Example values, type tuple<int64;optional<utf8>>
:
[42; #;]
[-5;"minus five";]
Variant
Unnamed variant
The unnamed option is represented by a YSON list of length 2 that includes the following elements:
- Alternative number (indexed at 0).
- An encoded value for the relevant alternative.
Example values, type variant<int64;optional<utf8>>
:
[0; 42]
[1; #]
[1; "foo bar";]
Named variant option
Named representation (default)
This representation applies when the YSON option complex_type_mode
isn't specified or is set to complex_type_mode=named
.
The named option is represented by a YSON list of length 2 that includes the following elements:
- Alternative name.
- An encoded value for the relevant alternative.

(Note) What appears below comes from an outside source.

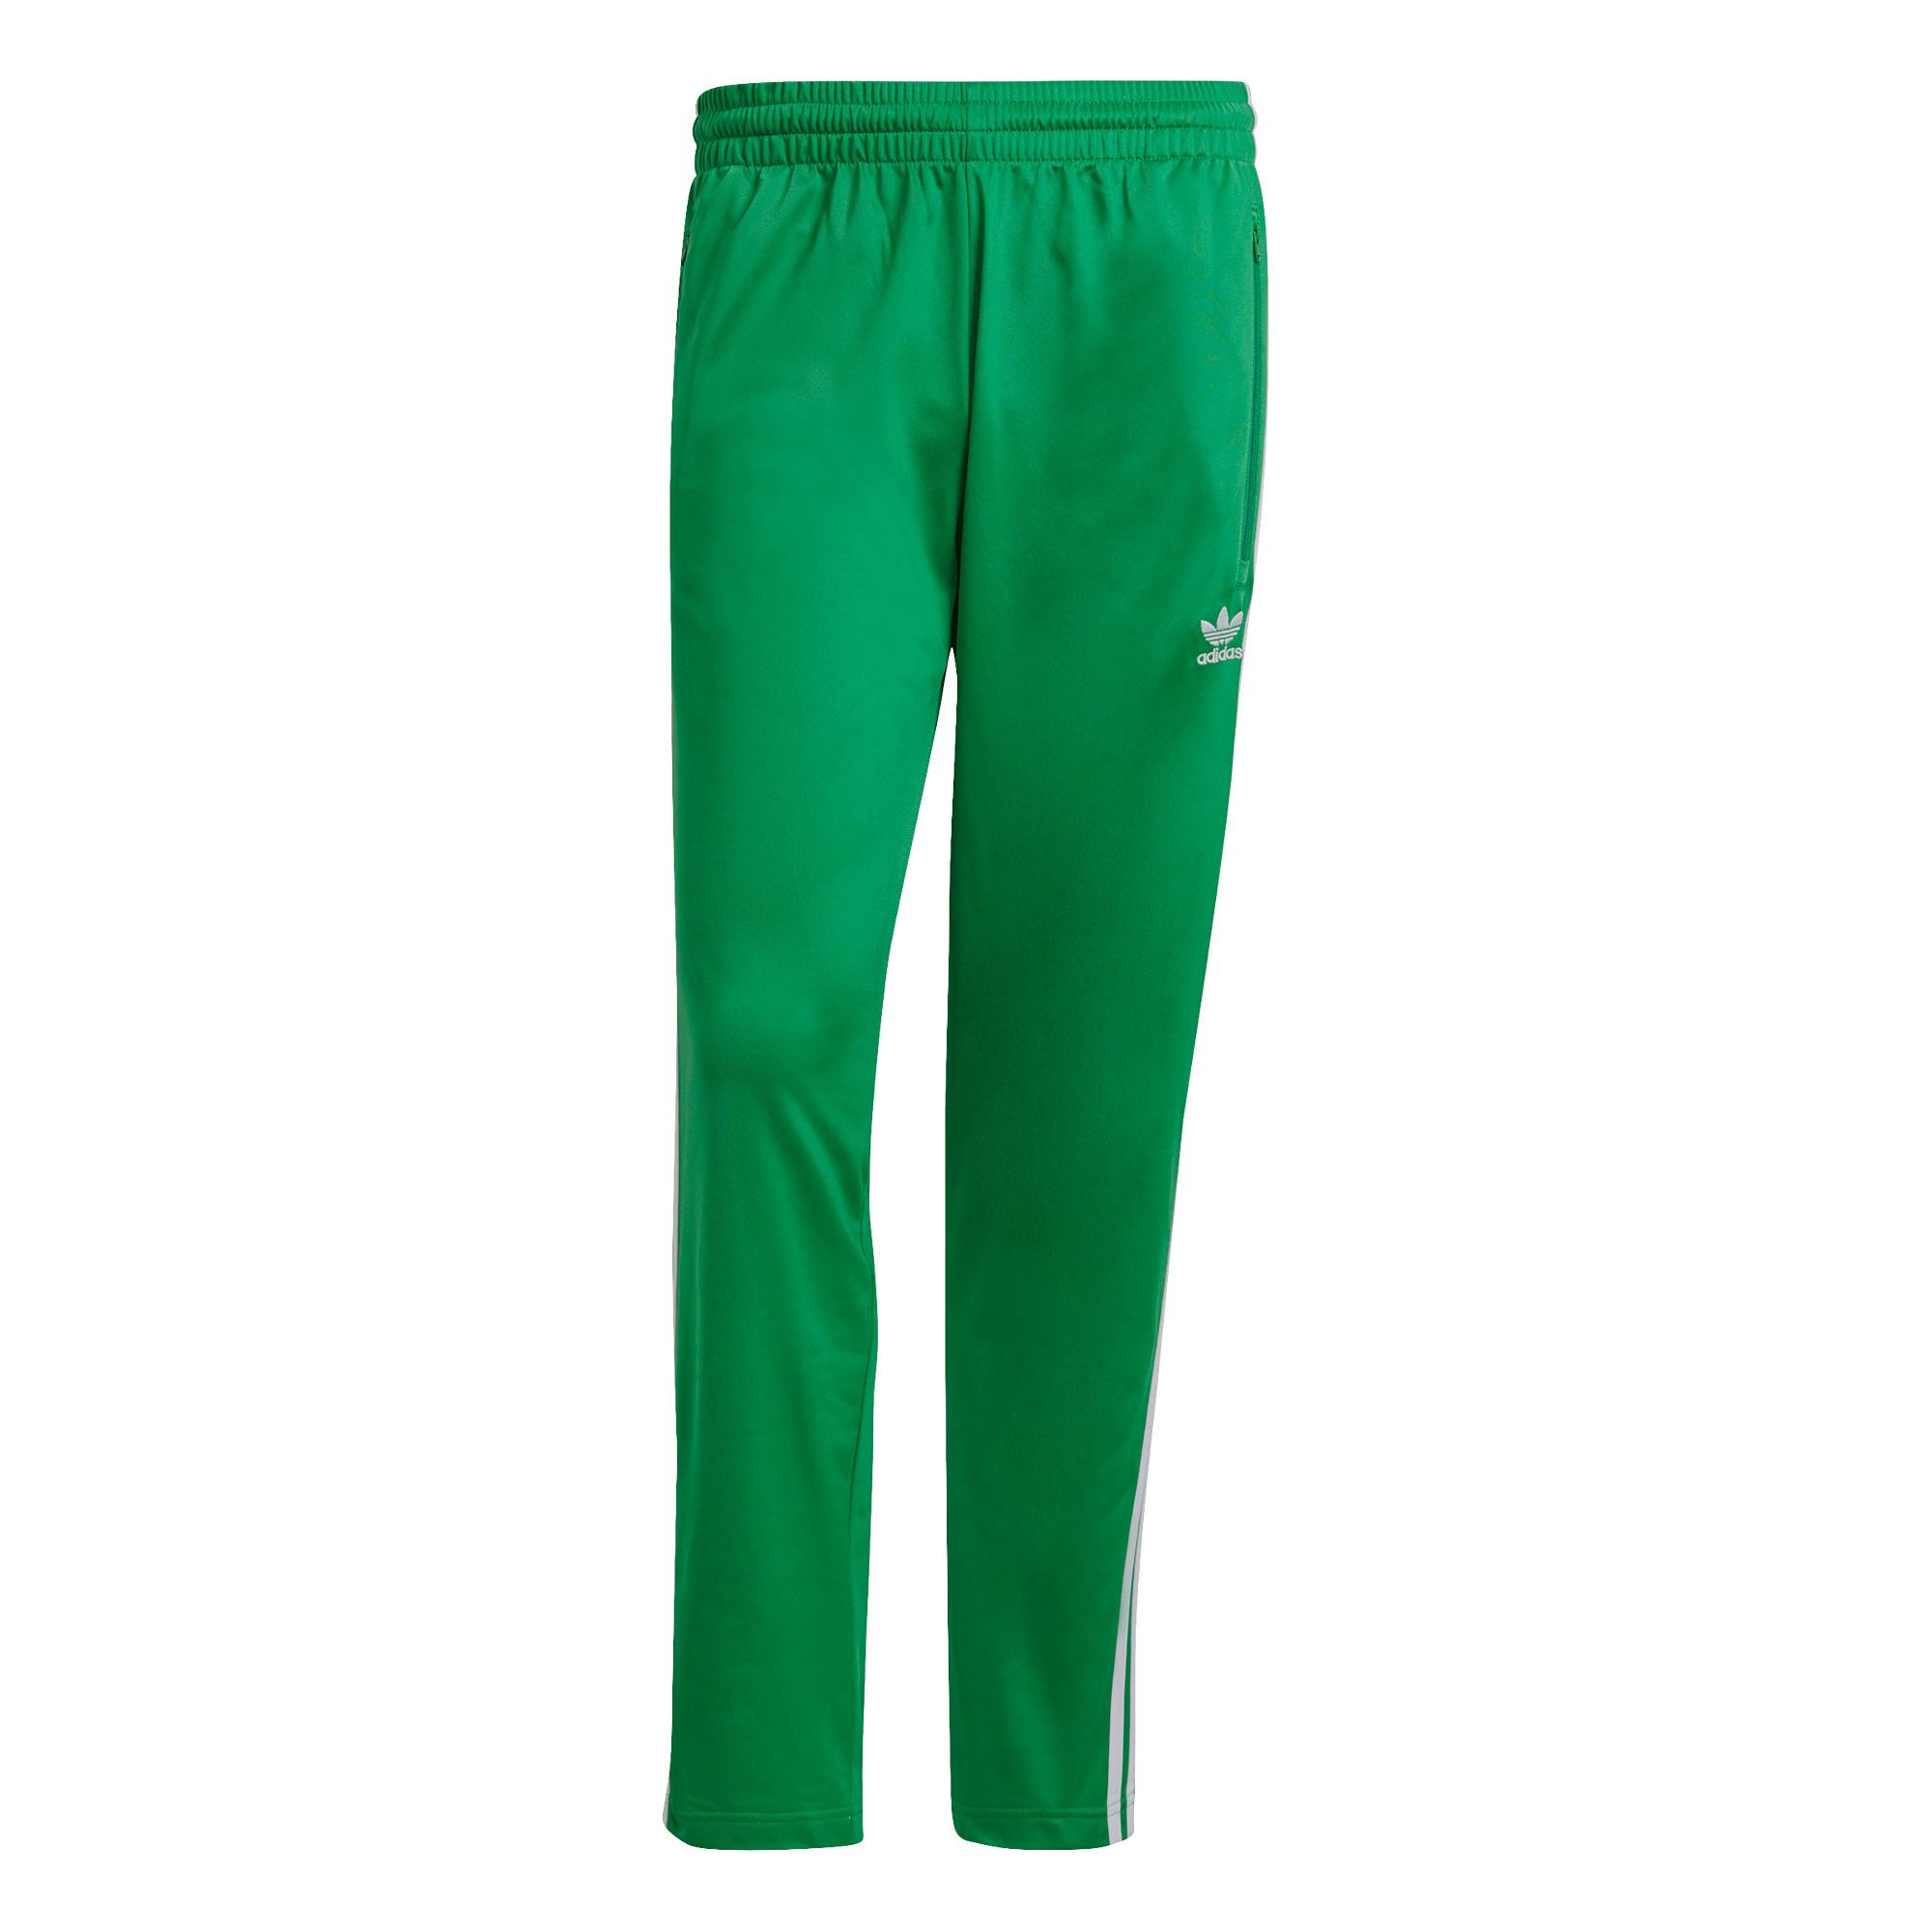 Pantaloni tuta adicolor classics, Verde, large image number 0

Example values, type `variant<Foo:int64;Bar:optional
[Foo; 42]
[Bar; #]
[Bar; "foo bar";]
Positional representation
If the complex_type_mode=positional
option is set for a format.
The named option is represented by a YSON list of length 2 that includes the following elements:
- Index of alternative.
- An encoded value for the relevant alternative.
Example values, type variant<Foo:int64;Bar:optional<utf8>>
:
[Foo; 42]
[Bar; #]
[Bar; "foo bar";]
Dict
The dict
type is represented by default as a YSON list, where each element is a YSON list of two elements: key and value.
Example values of type dict<int32;string>
:
[[1;"one"];[4;"four"]]
[]
A dict
may be represented as a YSON dictionary; however, a YSON dictionary only supports strings as keys whereas dict
also supports other keys.
Dict with string keys
The representation of a dictionary with string keys depends on the value of the string_keyed_dict_mode
flag.
Positional representation (default)
This representation applies when the YSON option string_keyed_dict_mode
isn't specified or is set to string_keyed_dict_mode=positional
.
See above
Examples of the dict<string;int32>
values:
[["one";1];["four";4]]
Named representation
Where the string_keyed_dict_mode=named
option is set for the YSON format, a different representation is used.
dict
is encoded as a YSON dictionary.
Examples of the dict<string;int32>
values:
{one=1; four=4}
Tagged
Type tagged
does not change its elements' YSON representations.